# Best way to cut this joint?



## Stevebo (Nov 11, 2014)

Not sure of this is the right place or not, but I'm trying to work out the best way to cut this joint using hand tools. Its for joining a side table leg to a the table top -so fairly low demand. I plan to glue the inserted bits and the faces in contact between the two sockets. Does this joint have a name? 

I'm new at this so the photo is my first attempt at a wood joint, so it's pretty rough. I used chisels and hand drills, but with no specific plan or technique, I figure there must be an efficient and clean way to make this cut, but don't know what I should search for for video advice.


----------



## Leo G (Oct 16, 2006)

Depends on the tools you have.

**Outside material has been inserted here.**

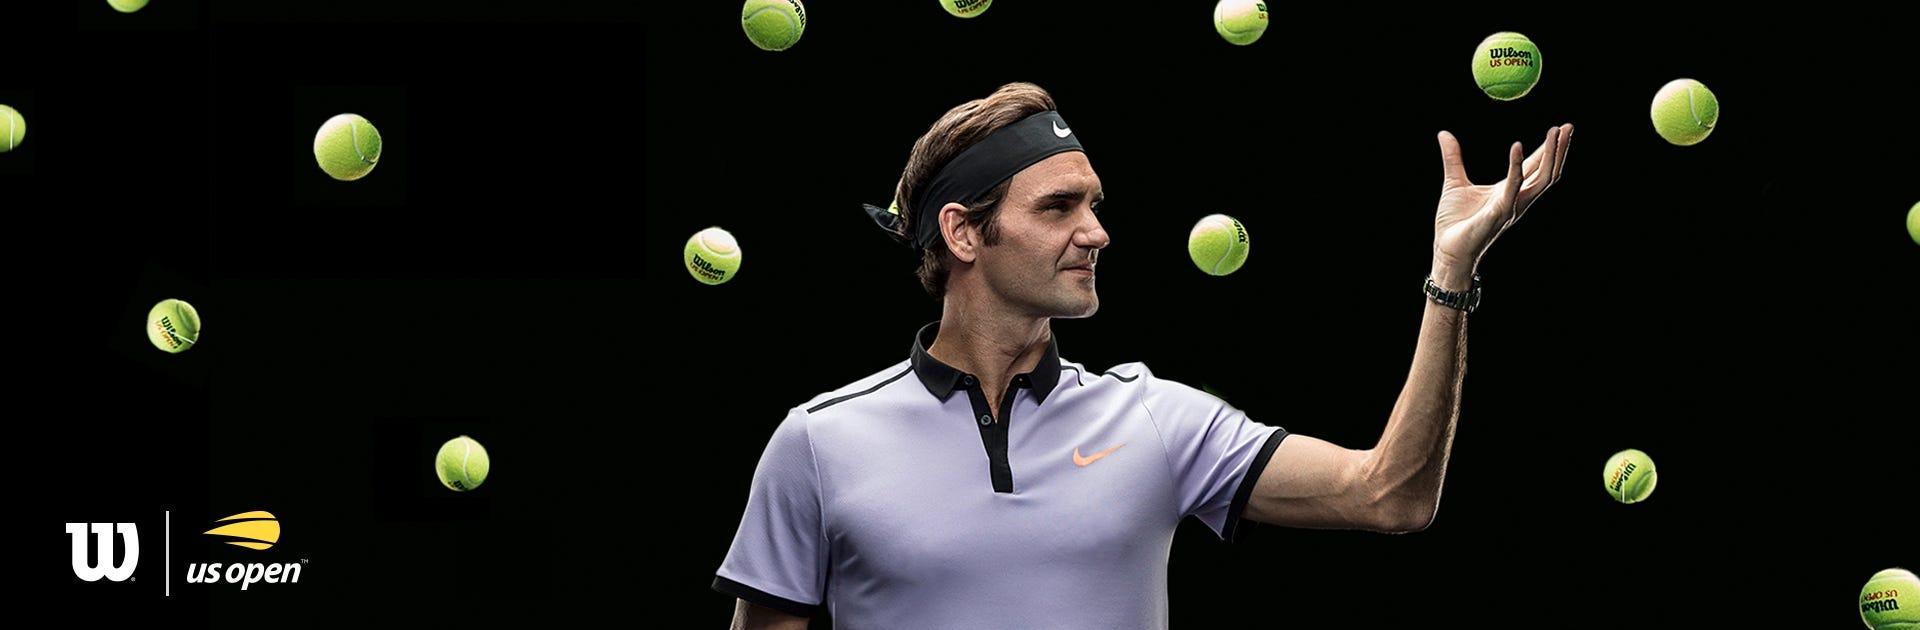 US Open Tennis Ball Sweeps | Wilson Sporting Goods

For the square stretcher/leg a dado or tablesaw would make the center cut. Or if you only have hand tools a hand saw to cut the two outside lines and then the saw to cut multiple cuts to the depth, then break out the pcs and clean up with a chisel.

For the double slot in the board a drill to cut out the majority and then clean up the corners with a chisel or jigsaw.

If you have a square hole mortise chisel you could use that.


----------



## Steve Neul (Sep 2, 2011)

The joint would be a double mortise and tenon. Personally I don't think it's a good joint for that application. The wood needs to expand and contract and having two tenons on it would restrict some of that movement especially if there is a rail between the legs. Also the tenons wouldn't be long enough to give it as much strength as you would need. Anyway to answer your question the joint could be done with a hand saw and chisels. If you had a back saw and a coping saw it would be easier to make the tenons.


----------



## woodnthings (Jan 24, 2009)

*I'm with Steve*

It doesn't show from the top, so why make a "designers" joint that's hidden?
You can have as much strength by using just a single tenon and mortise. 
If you did want it to show then use a wedged tenon and sand it all flush.
Whichever method you use, orient the grain in the legs to be parallel to the grain on the top to avoid expansion issues.

There is no easy way to make a square cornered mortise other than using sharp chisels and a series of drilled holes OR a router with a template OR by routing just up to a line freehand. Of course a hollow chisel mortiser would work, but are not part of the average home shop's tool repertoire.

Forstner bits will give a clean bottom hole and come in many size, then chisel out the waste in the corners.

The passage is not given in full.